The QKD device controller may also be responsible for unsealing the vault depending on how strict the implementation of the QKD device is configured. In the current [1] Guardian implementation, there is an unsealer process that does this automatically.
Unsealing Vault¶
Whenever the Vault is started, it is in a sealed state. It will also be the QKD device controller’s duty together to unseal the vault (if implemented as such). He/she will need a minimum quorum of unseal keys in order to do this.
GUI¶
The unseal method using the Vault web UI is shown as an example below.
When Vault is in a sealed state, the Vault GUI interface will indicate with a red sealed under status. It will display the following prompt for the Unseal Key Portion to be entered.¶
If one unseal key is entered, it shows 1/3 keys provided.¶
Similarly for two unseal keys entered.¶
Once the vault is unsealed, the login screen is shown once again with the status now green indicating that Vault is unsealed.¶
API¶
Vault also has an API endpoint for the unsealing process. This is documented in Vault documentation. Briefly, it supplies a PUT request to /sys/unseal with a JSON payload of the unseal key.
{
"key": "abcd1234..."
}
$ curl \
--request PUT \
--data @payload.json \
--key key.pem \
--cert cert.pem \
--cacert cacert.pem \
http://kme_id:8200/v1/sys/unseal
HVAC¶
If using Python, the hvac module has the submit_unseal_key(key=None, reset=False, migrate=False) function. This is the same function that Guardian’s unsealer uses.

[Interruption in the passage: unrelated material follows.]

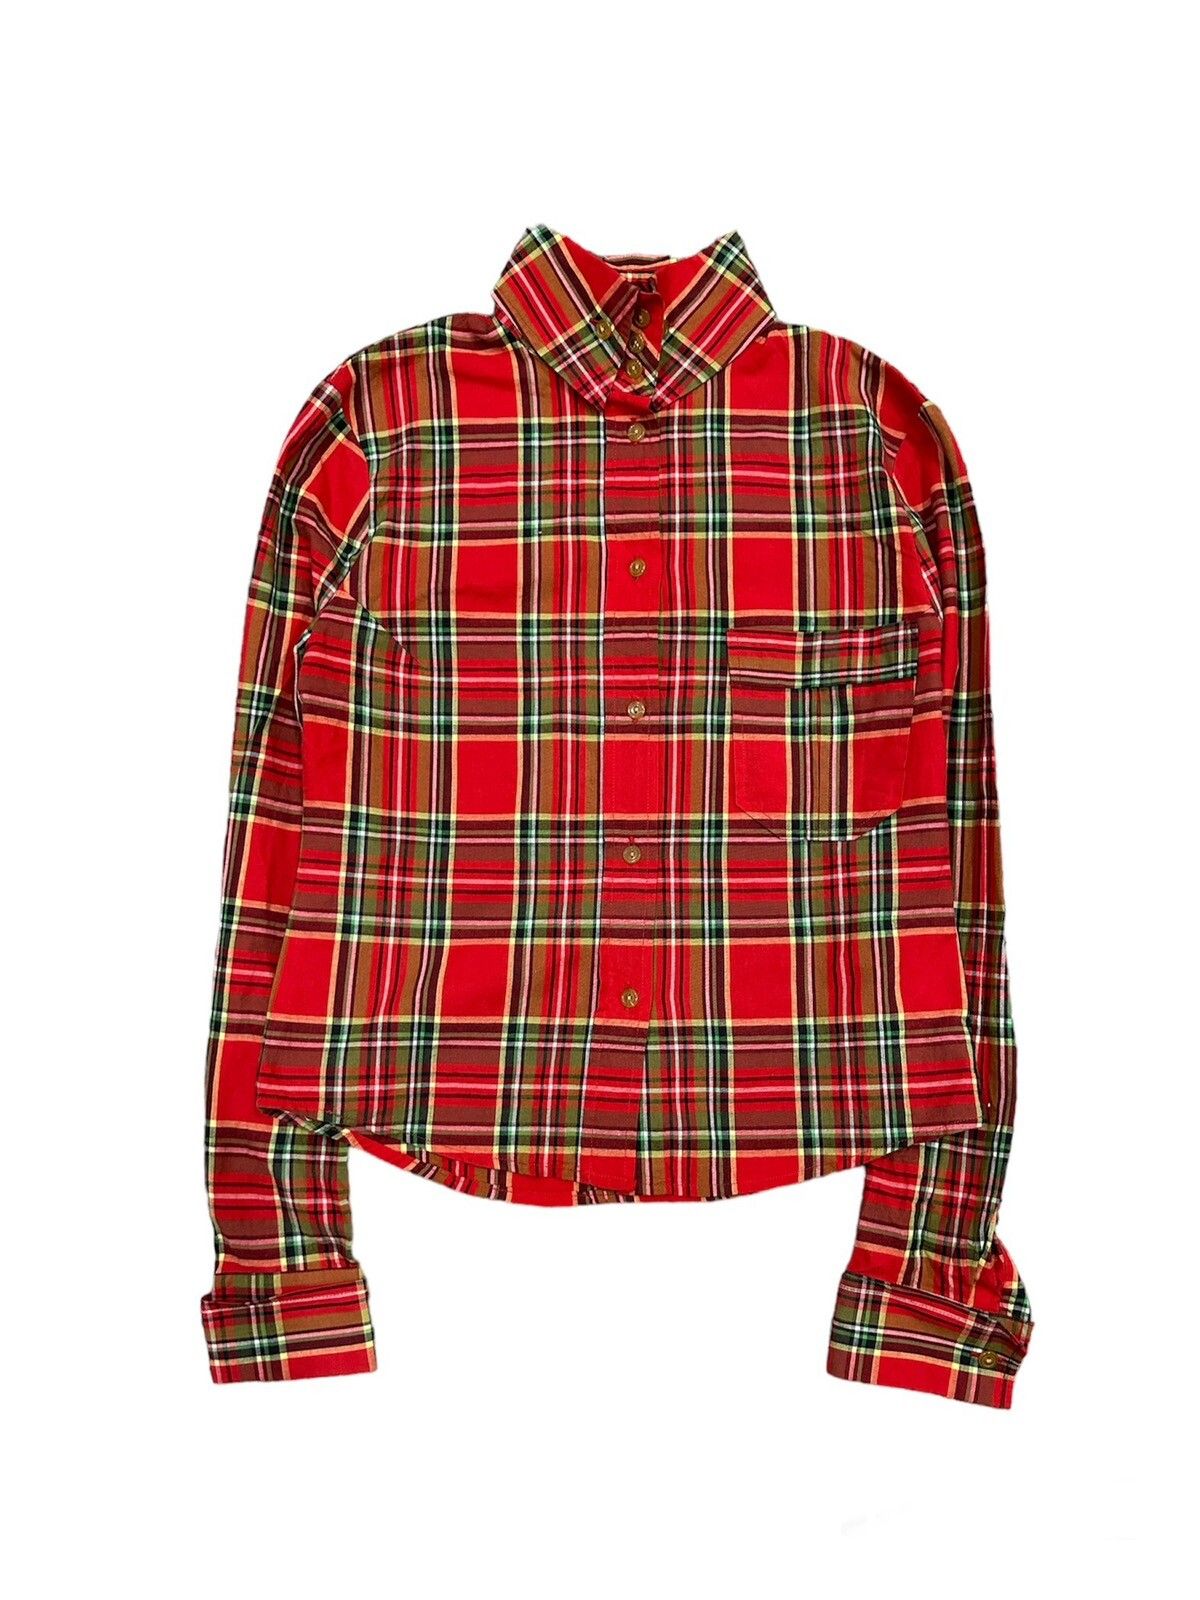 Vivienne Westwood OG Red Tartan Shirt - 3

In essence, this function makes use of the Vault API /v1/sys/unseal backend to input the unseal keys.
Changing Password¶
The qkd_controller can login to the Vault via the userpass auth method that is enabled. This is for convenience in demonstration and initial setup and should be switched off in a production environment. The default password should be changed for security and can be done through the web UI, hvac or vault-API
web UI¶
Log in the the vault web UI using the username and password
Once logged in, bring up the Vault browser CLI by clicking the shell icon at the top right hand corner. Enter vault write auth/userpass/users/qkd_controller/password password="new_password" where new_password is the updated new password.
Once successful, the password is changed and the new password can be used to log in.
HVAC¶
1import hvac
2
3url = "https://kme_address:8200/"
4client_key = 'path/to/key"
5client_cert = 'path/to/cert"
6server_cert = 'path/to/server/cert'
7username = 'qkd_controller'
8password = 'qkd_controleer_password'
9
10vclient = hvac.Client(url, cert = (client_cert, client_key), verify = server_cert)
11vclient.auth.userpass.login(username=username, password=password)
12new_password = 'new_qkd_controller_password'
13vclient.auth.userpass.update_password_on_user(username=username, password=new_password)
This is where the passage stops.